- [INSTRUCTIONS FOR THE TASK]:
Return all the entries exactly. No pictures.

(Collected data)

++++++++

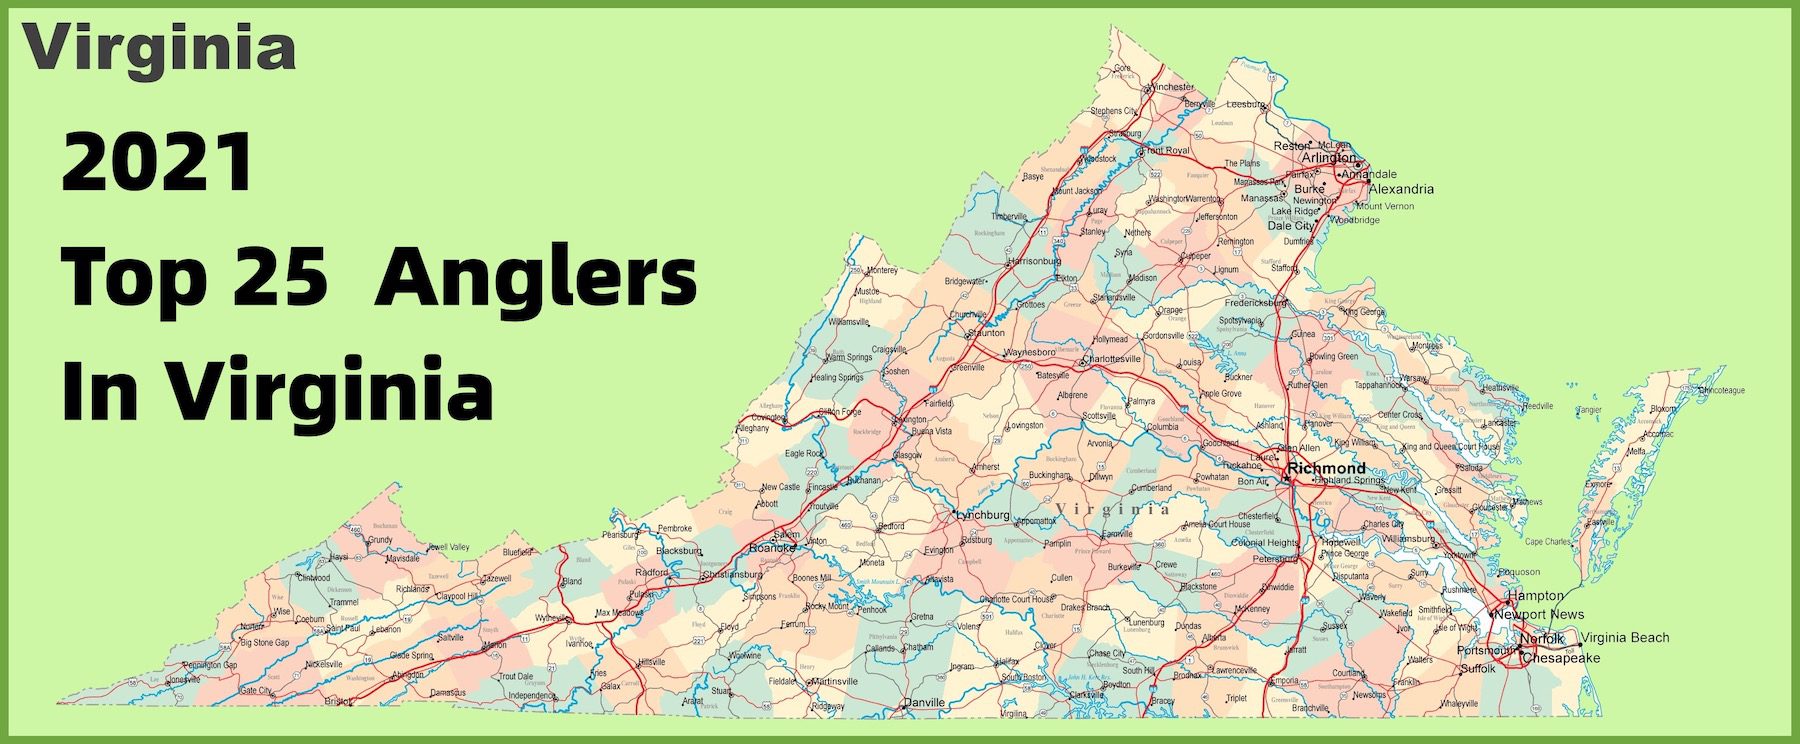 2021 Top 25 Anglers in Virginia
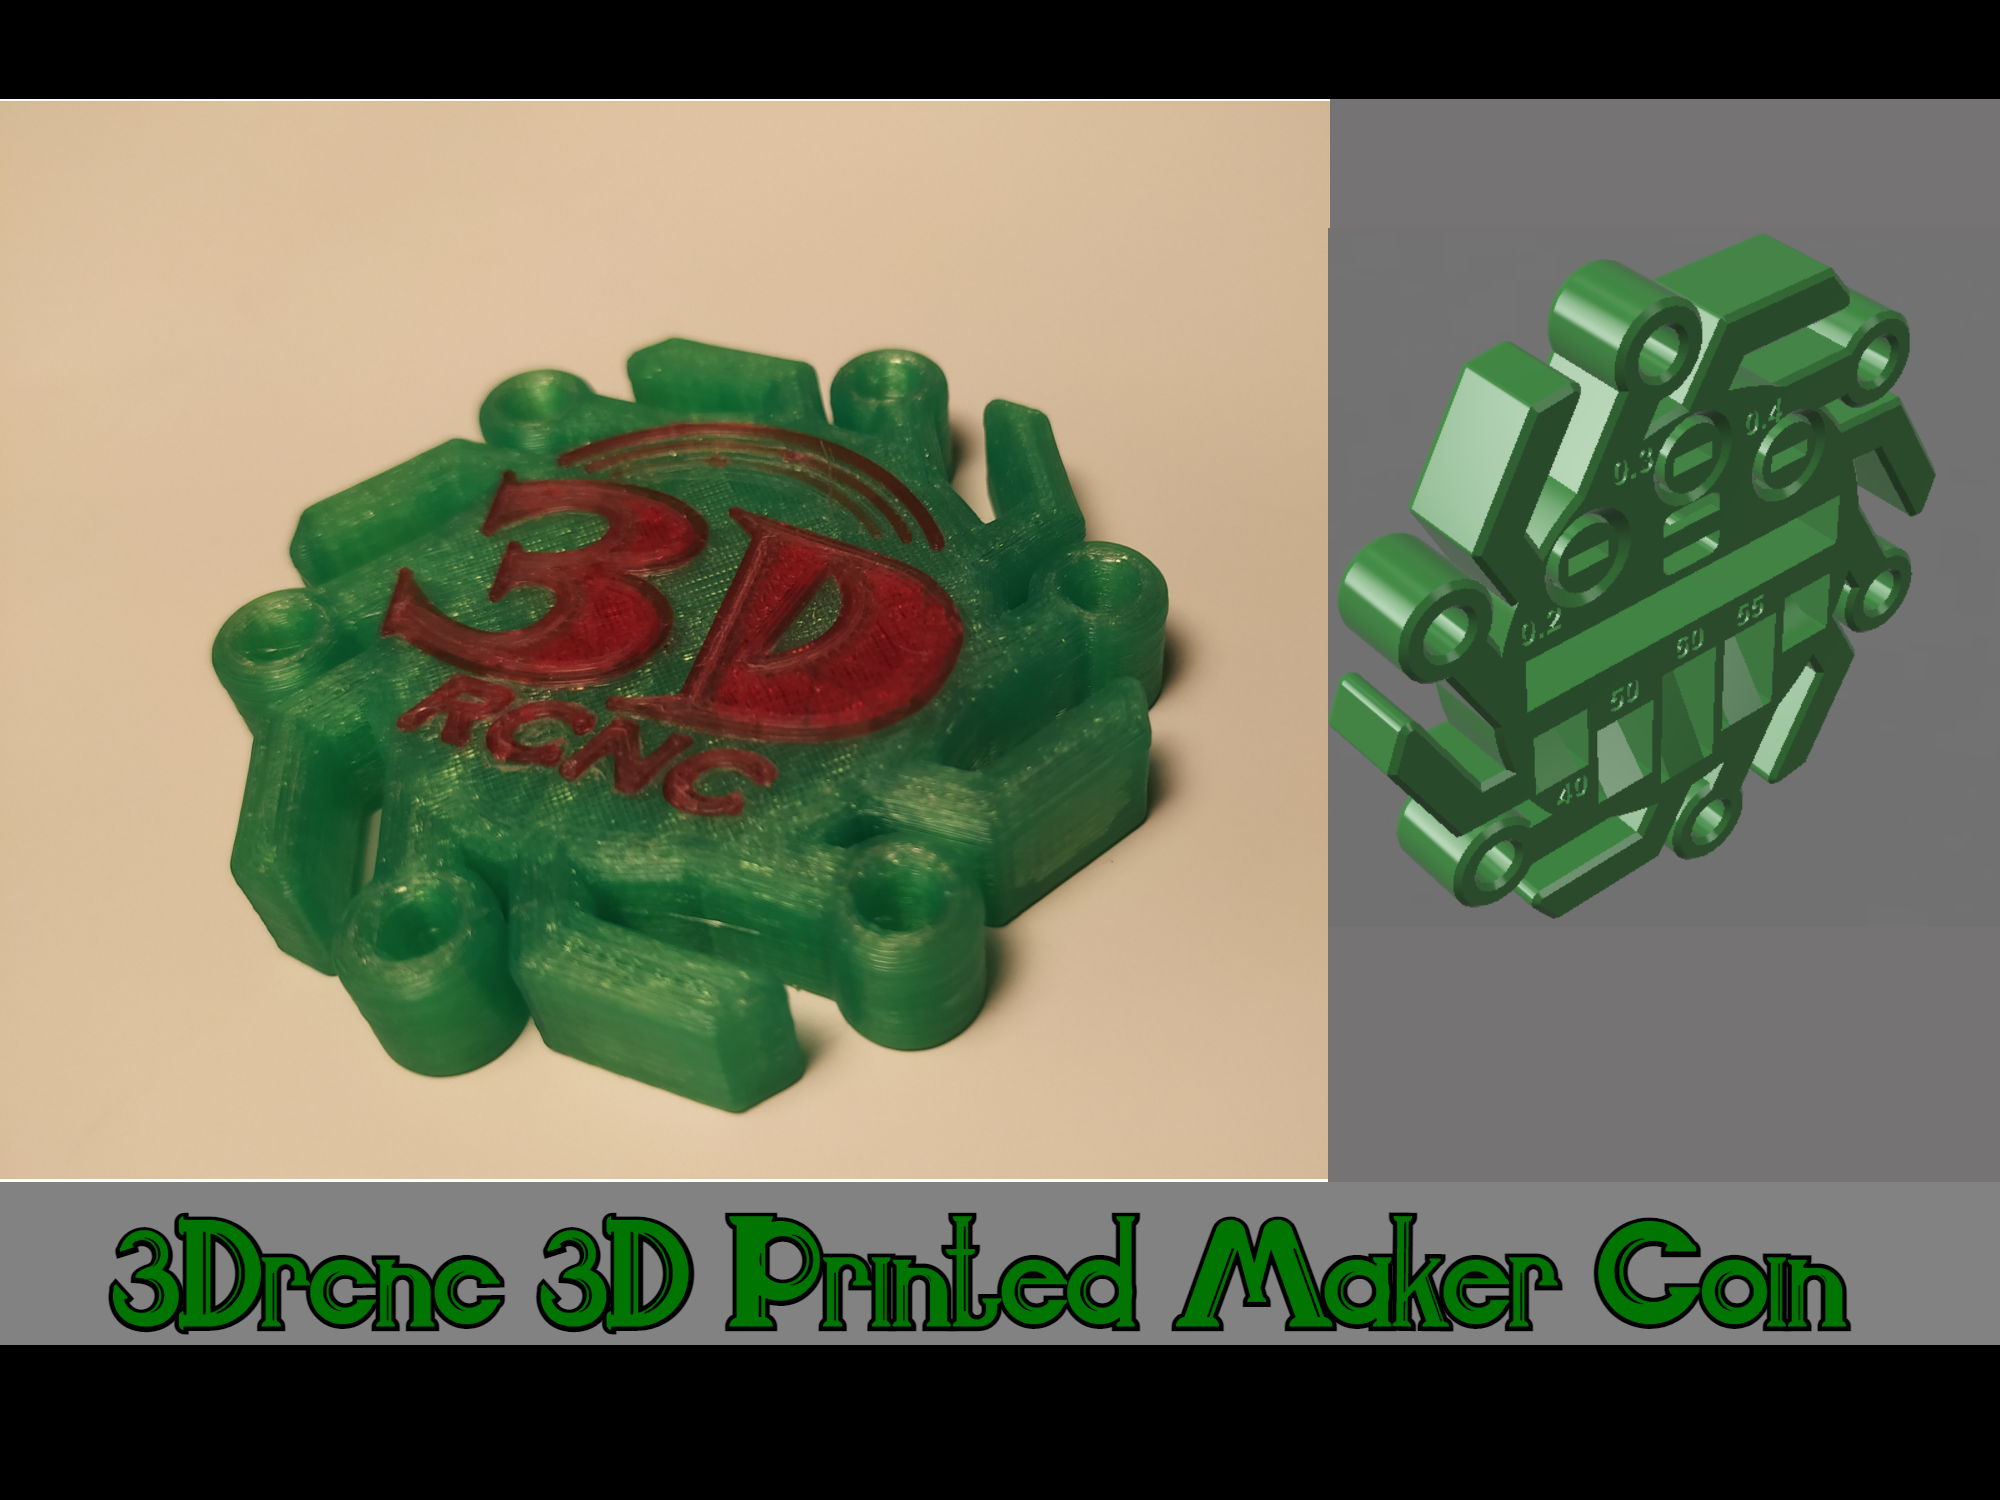 3Drcnc Maker Coin with inbuilt 3D Printer Tests.
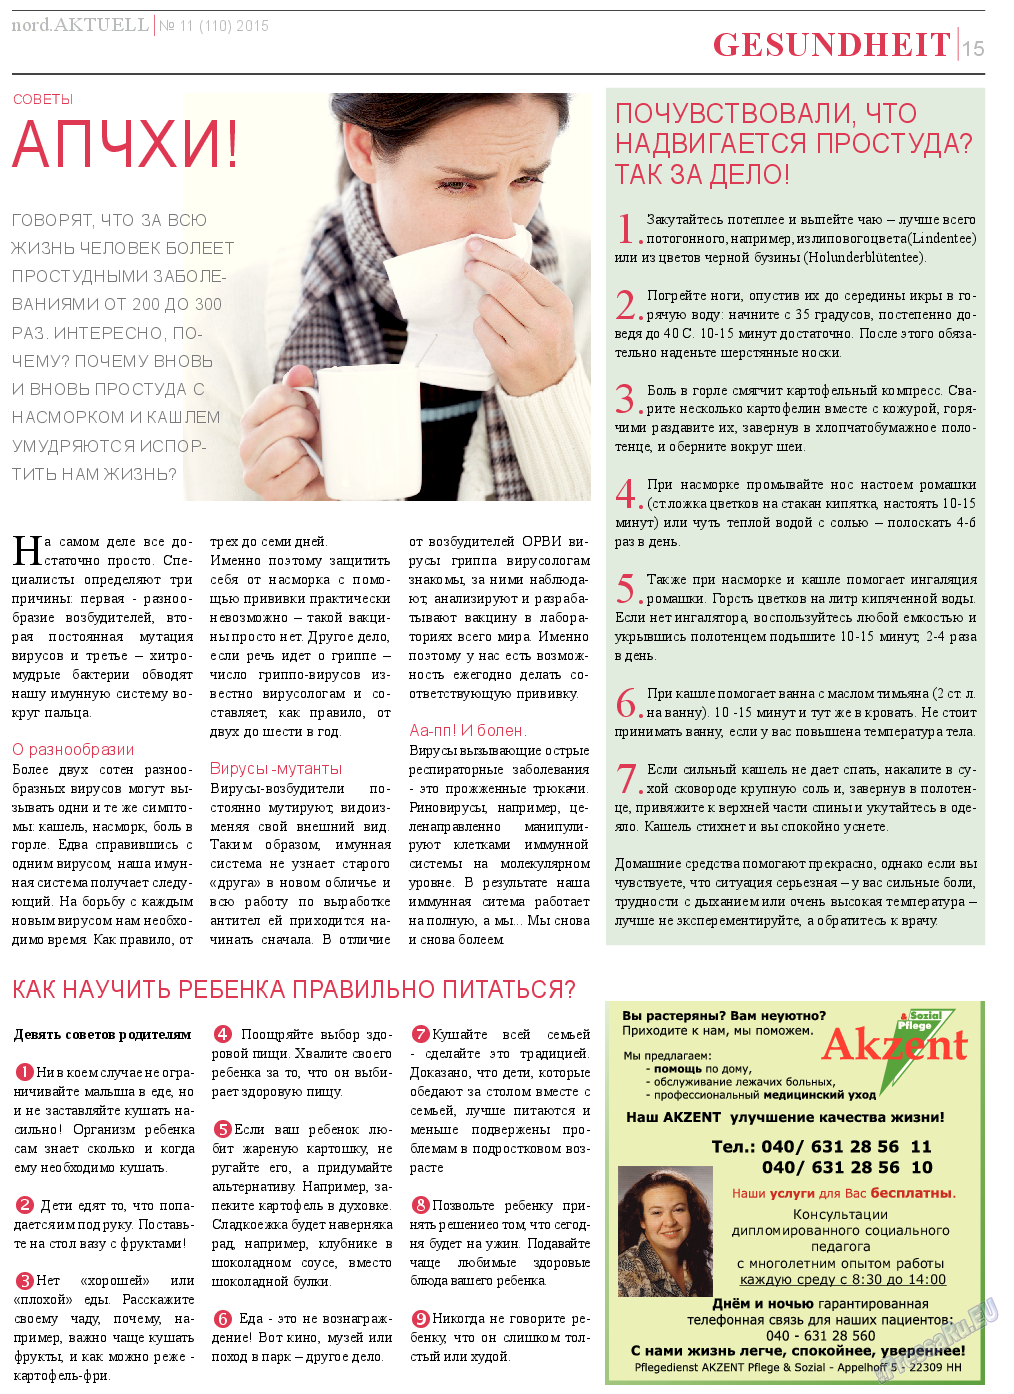 nord.Aktuell (газета). 2015 год, номер 11, стр. 15
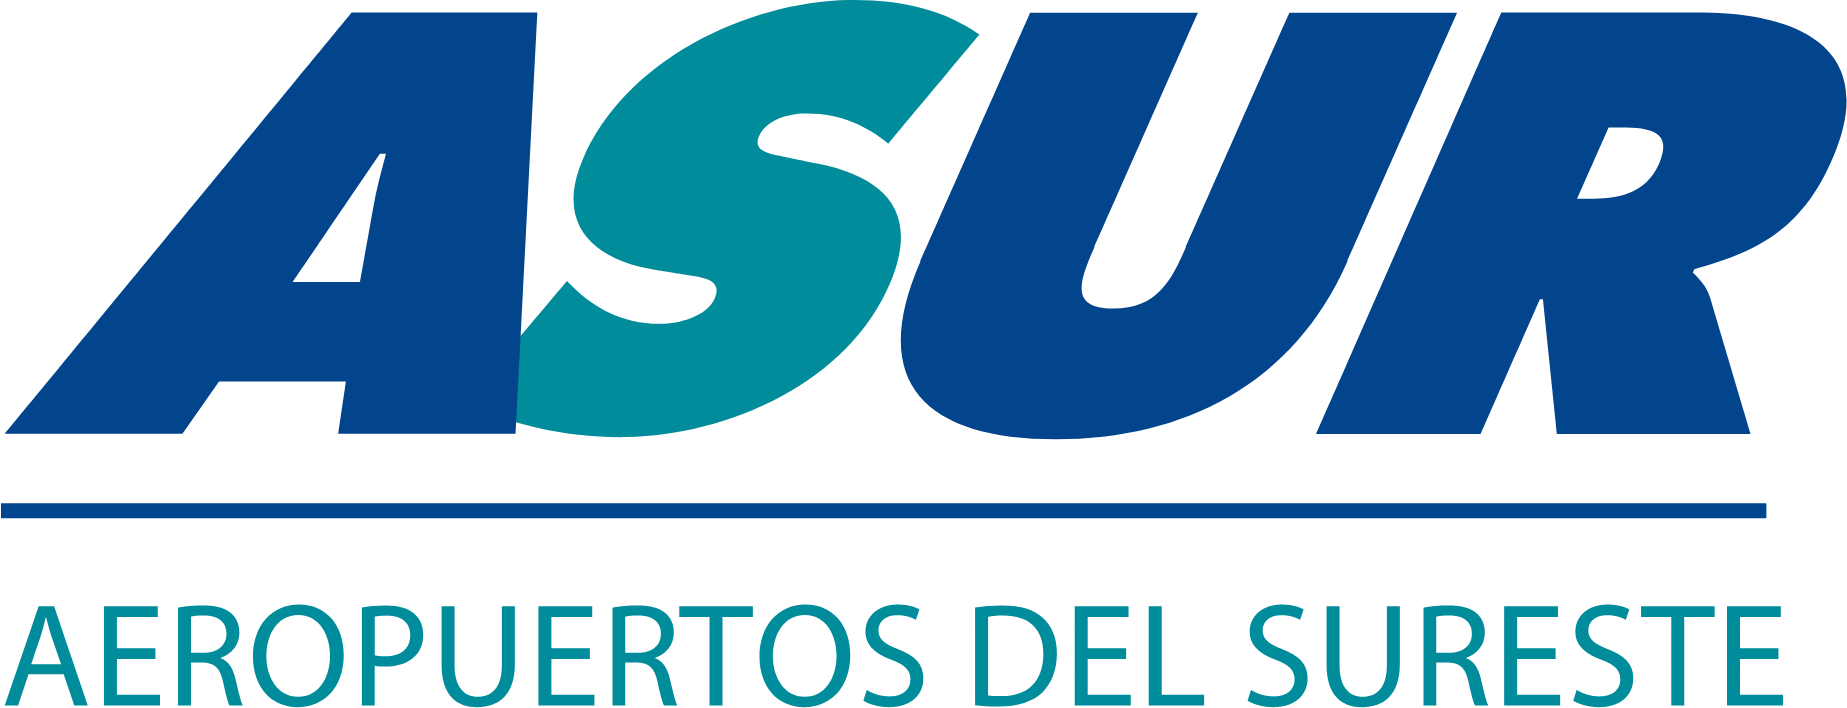 Grupo Aeroportuario del Sureste
 logo large (transparent PNG)

++++++++

- [OUTPUT FOR THIS TASK]:
 2021 Top 25 Anglers in Virginia
 3Drcnc Maker Coin with inbuilt 3D Printer Tests.
 nord.Aktuell (газета). 2015 год, номер 11, стр. 15
 Grupo Aeroportuario del Sureste
 logo large (transparent PNG)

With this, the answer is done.